When you’re thinking about undertaking a professional landscaping project, or even sprucing up your garden yourself for that matter, insects are not usually one of your immediate considerations. But perhaps you should give them more attention than you think they deserve. After all, “bad insects” have the potential to turn your beautiful garden paradise into a homeowner’s worst nightmare.
For this reason, it’s a good idea to know which insects can potentially benefit your garden habitat and encourage them to make it their home.
Green lacewings
Green lacewings are definitely good garden visitors. They are voracious predators that eat hundreds of undesirable bugs and their eggs. However, it’s lacewing larvae that destroy the most pests. Their primary targets are aphids – which is why they are sometimes known as aphid lions – as well as whitefly, mites, leafhoppers, mealybugs and certain moths and caterpillars.
Lacewings are native to Australia and can be found worldwide.

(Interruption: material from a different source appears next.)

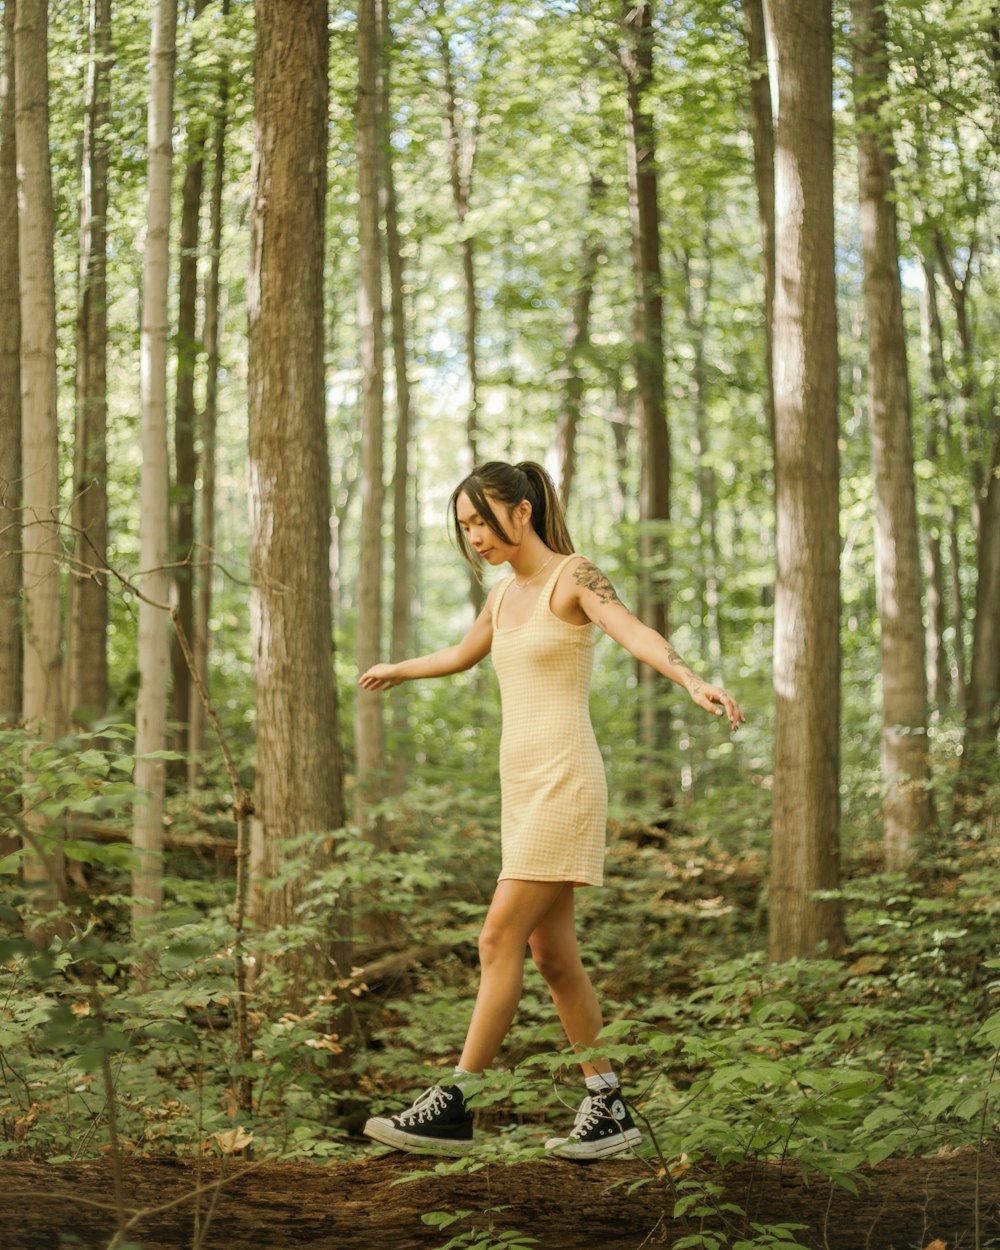 Une femme en robe jaune marchant dans une forêt
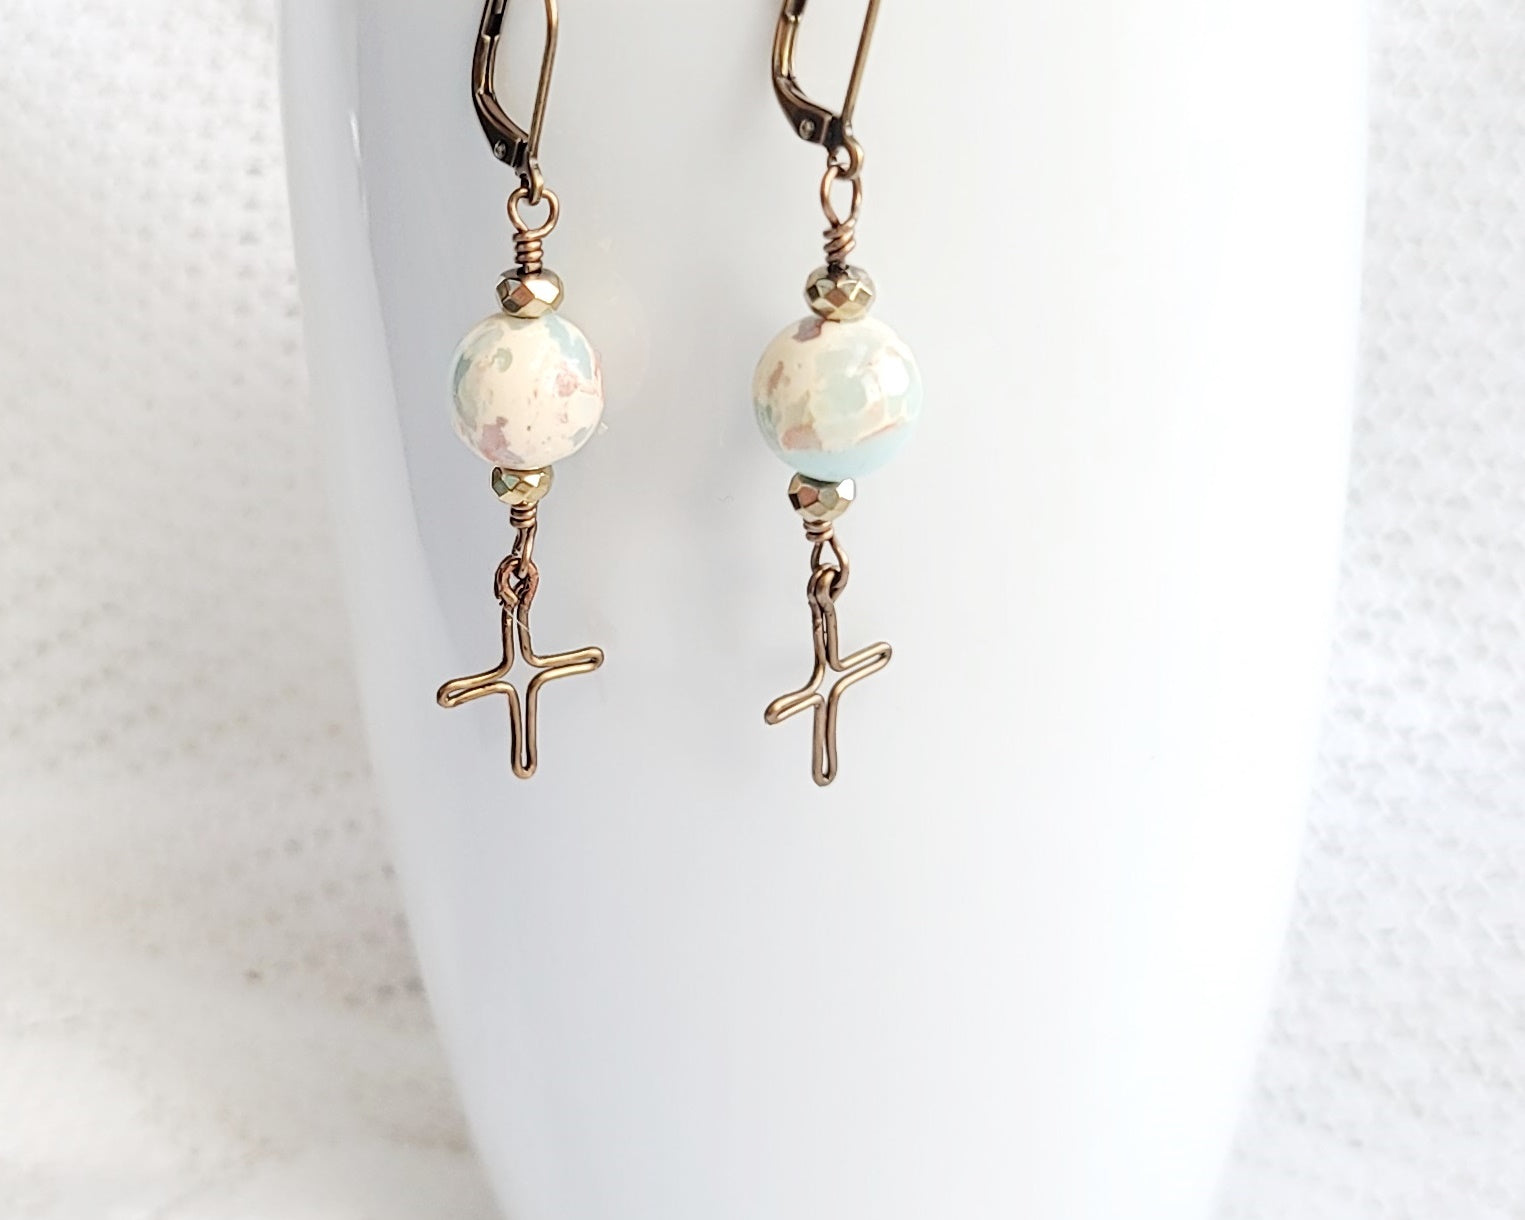 Heavenly Sky Cross Earrings, Long Cross Earrings made with Imperial Jasper, Sea Sediment Jasper, Hematite and Antique Brass

They are attracted by Angelica, dill, fennel, dandelion, fern-leaf yarrow and caraway, to name but a few.
Ladybugs
Ladybugs – also known as Ladybirds or Ladybeetles – may look pretty and innocent, but they are actually ravenous and should be welcomed into your garden. However, like the lacewing, it’s their larvae which do the majority of the pest control – even though they can’t fly!

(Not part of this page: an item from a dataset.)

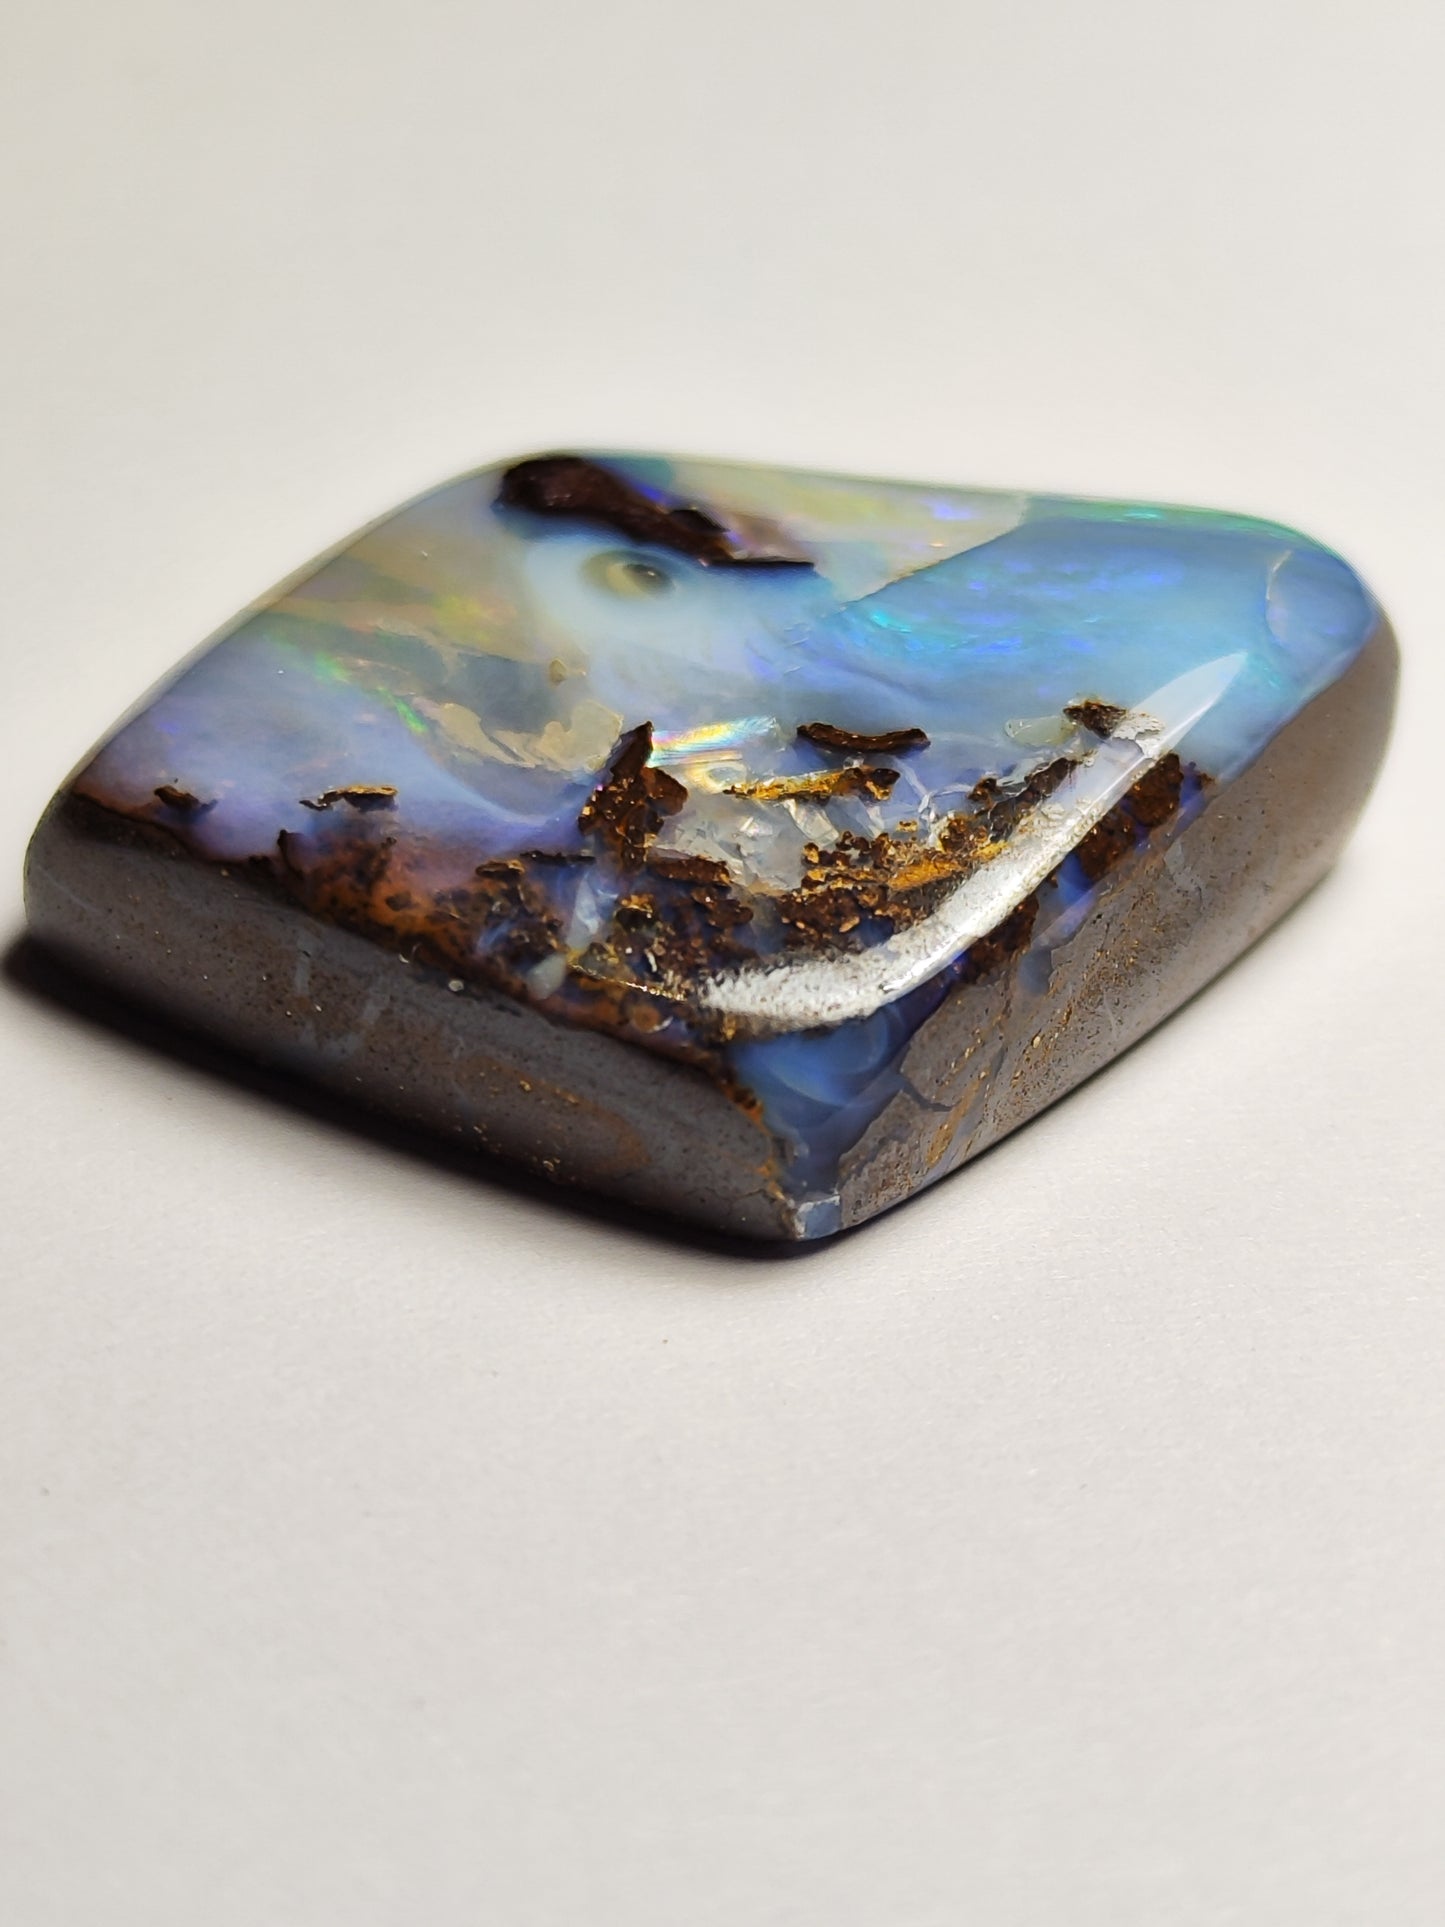 Opale boulder spécimen rare

Ladybug larvae feast on aphids, mealybugs, scale and a range of other small, soft-bodied insects. Aphid-ridden plants can be cleaned up in no time at all by Ladybug larvae.
Many of the same plants that attract lacewings also attract ladybugs, so they are often win-win for your garden and you should try to introduce them wherever possible.
Parasite Wasps
Parasite wasps might sound unsavoury, but unlike their larger, yellow-striped cousins – which people tend to frown upon – they are a gardener’s friend.
That’s because parasite wasps do not sting. Their stingers are instead used to deposit eggs into the bodies of insect pests. While it sounds macabre, Trichogramma parasite wasps lay their eggs specifically in the eggs of moths, which would otherwise eventually hatch into hungry caterpillars. After hatching, the Trichogramma larvae feed on their host and leave nothing but a hollow shell in their wake.